RoHS/WEEE Compliance & Green Initiatives
- RoHS/WEEE Compliance
- Steps To Achieving RoHS Compliance
- All RoHS Compliant Products Are Not Created Equal
- RoHS Compliance Identification
- Industry’s First RoHS-Compliant Low Profile PCI RS-232/422/485/530 Board
- Industry’s First RoHS-Compliant Low Profile PCI Digital I/O Board
- Popular PCI RS-232/422/485 Board Achieves RoHS Compliance
- WEEE Compliance Identification
- Article Reprints
Sealevel Systems is committed to providing our customers with high quality products that meet the RoHS (2002/95/EC), WEEE (2002/96/EC) and other green initiatives being adopted by the global community. The RoHS directive restricts the use of lead and certain other hazardous materials in electronic products marketed to the European Union. Sealevel is designing all new products for RoHS compatibility as well as modifying legacy products and manufacturing processes for RoHS compliance. We will continue to offer both RoHS compliant and non-compliant products to meet global and domestic customer demand.
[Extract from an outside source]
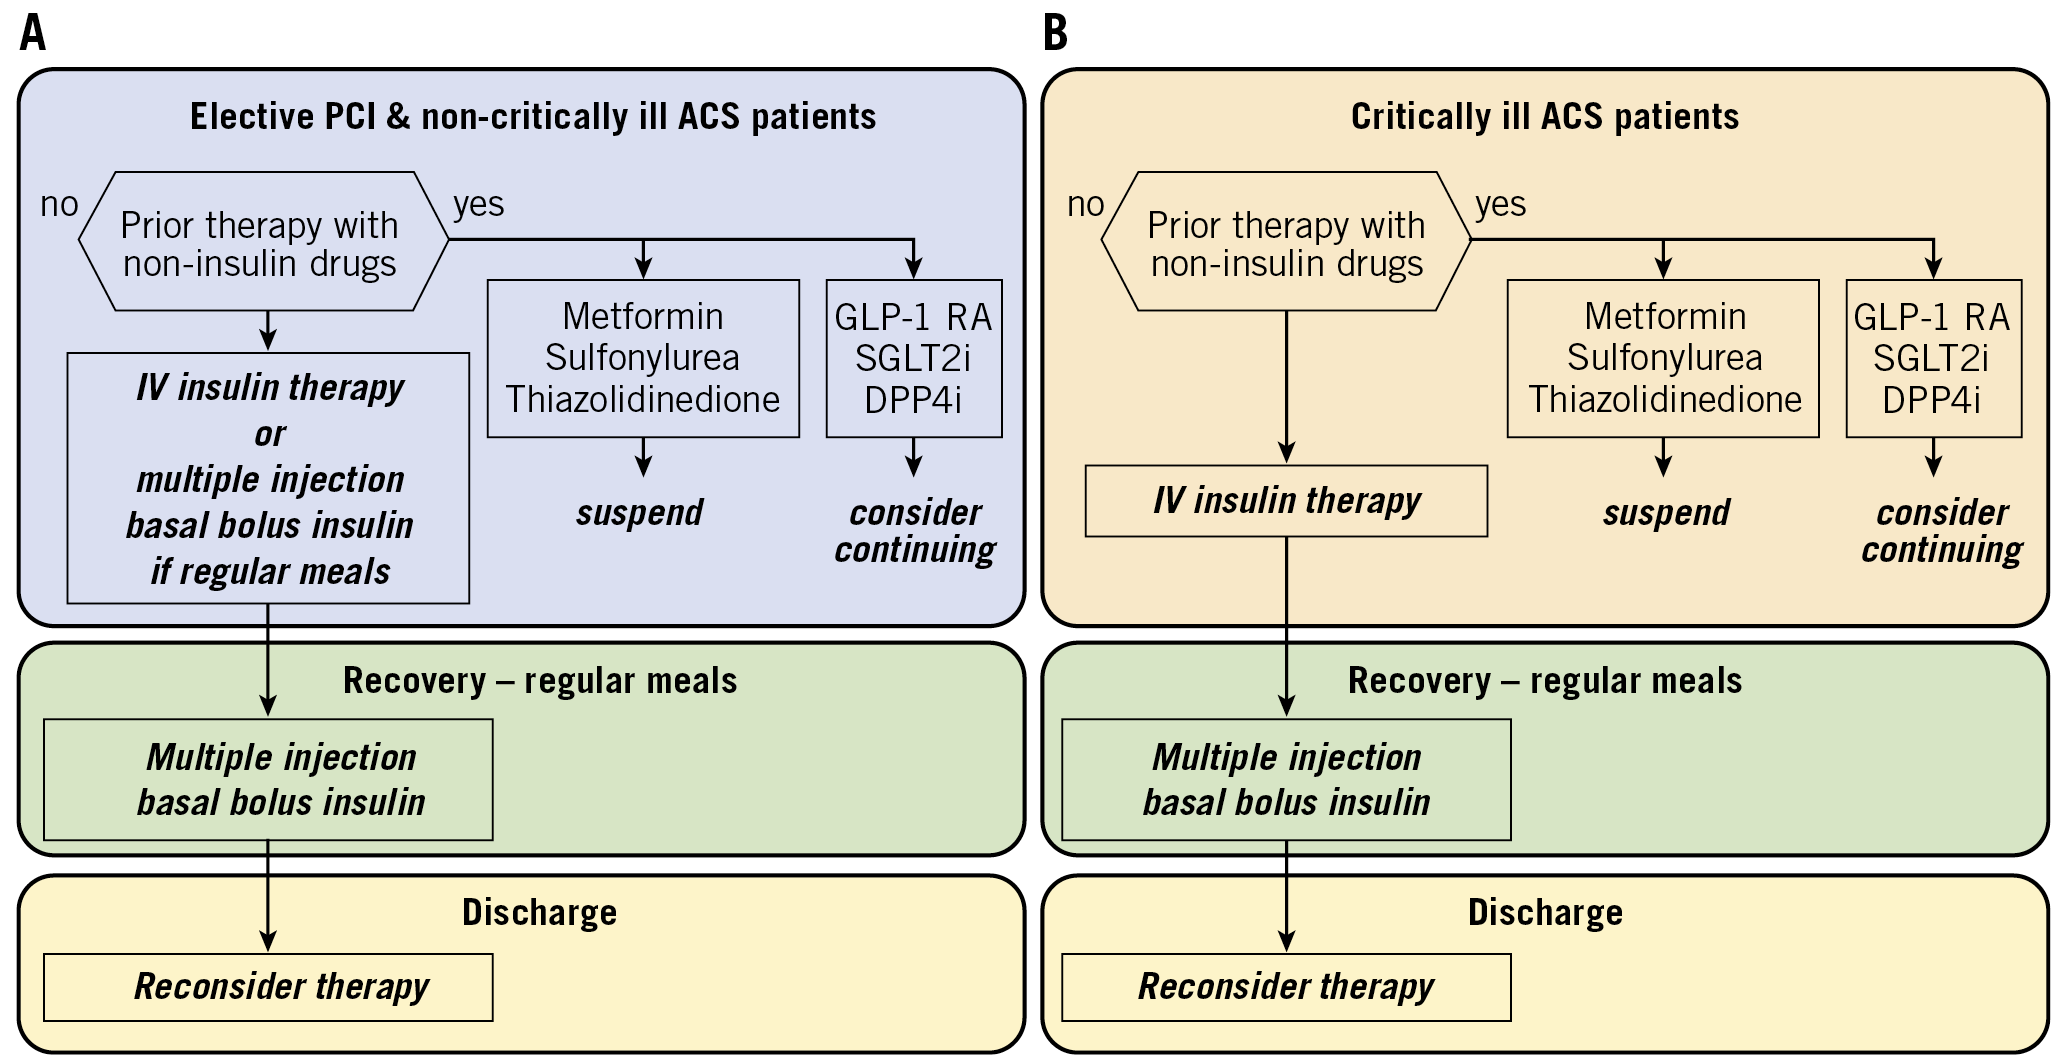 Figure 2. Flow chart for the management of hyperglycaemia. A) In non-critically ill ACS patients and patients undergoing elective PCI. B) In critically ill ACS patients. ACS: acute coronary syndrome; DDP4: di-peptidyl peptidase 4; GLP-1 RA: glucagon-like peptide-1 receptor agonist; PCI: percutaneous coronary intervention; SGLT2: sodium-glucose transporter 2 inhibitor

In order to comply with the RoHS directive, Sealevel engineers had to reconsider every step of the manufacturing process including:
- Eliminating banned substances
- Selecting PC board laminate materialslead-free solders
- Confirming compliant components availability and cost
- Awareness of higher manufacturing temperatures
- Choosing metal and plastic enclosure materials
- Specifying paint, silkscreen, and powder-coating materials
- Establishing benchmarks for Tg, CTE, and Td
- Identifying and stocking compliant and noncompliant products
- Considering long-term reliability of products
To comply with the RoHS directive, Sealevel had to change the soldering processes used in manufacturing. Lead-free solders, called SAC alloys, must be used and they have a significantly higher melting point than lead alloy solders. PC boards are made using a laminate material consisting of a resin or epoxy reinforced by glass fibers. The higher manufacturing temperatures change the integrity of traditional laminate materials causing them to expand and/or delaminate. While most laminate materials were already RoHS compliant, commonly used board materials can’t withstand the higher manufacturing temperatures required by using lead-free solder. Other manufacturers have neglected this fact and continue to use traditional PC board laminate materials. Sealevel tested several laminate materials and developed prototype boards that were subjected to numerous thermal cycles over the course of several weeks, from temperatures as low as –40°C to as high as +100°C. Sealevel selected a laminate material that could handle the higher manufacturing temperatures and still be cost effective for our customers. Although extreme, these tests confirm the exceptional reliability of the products for which Sealevel is known.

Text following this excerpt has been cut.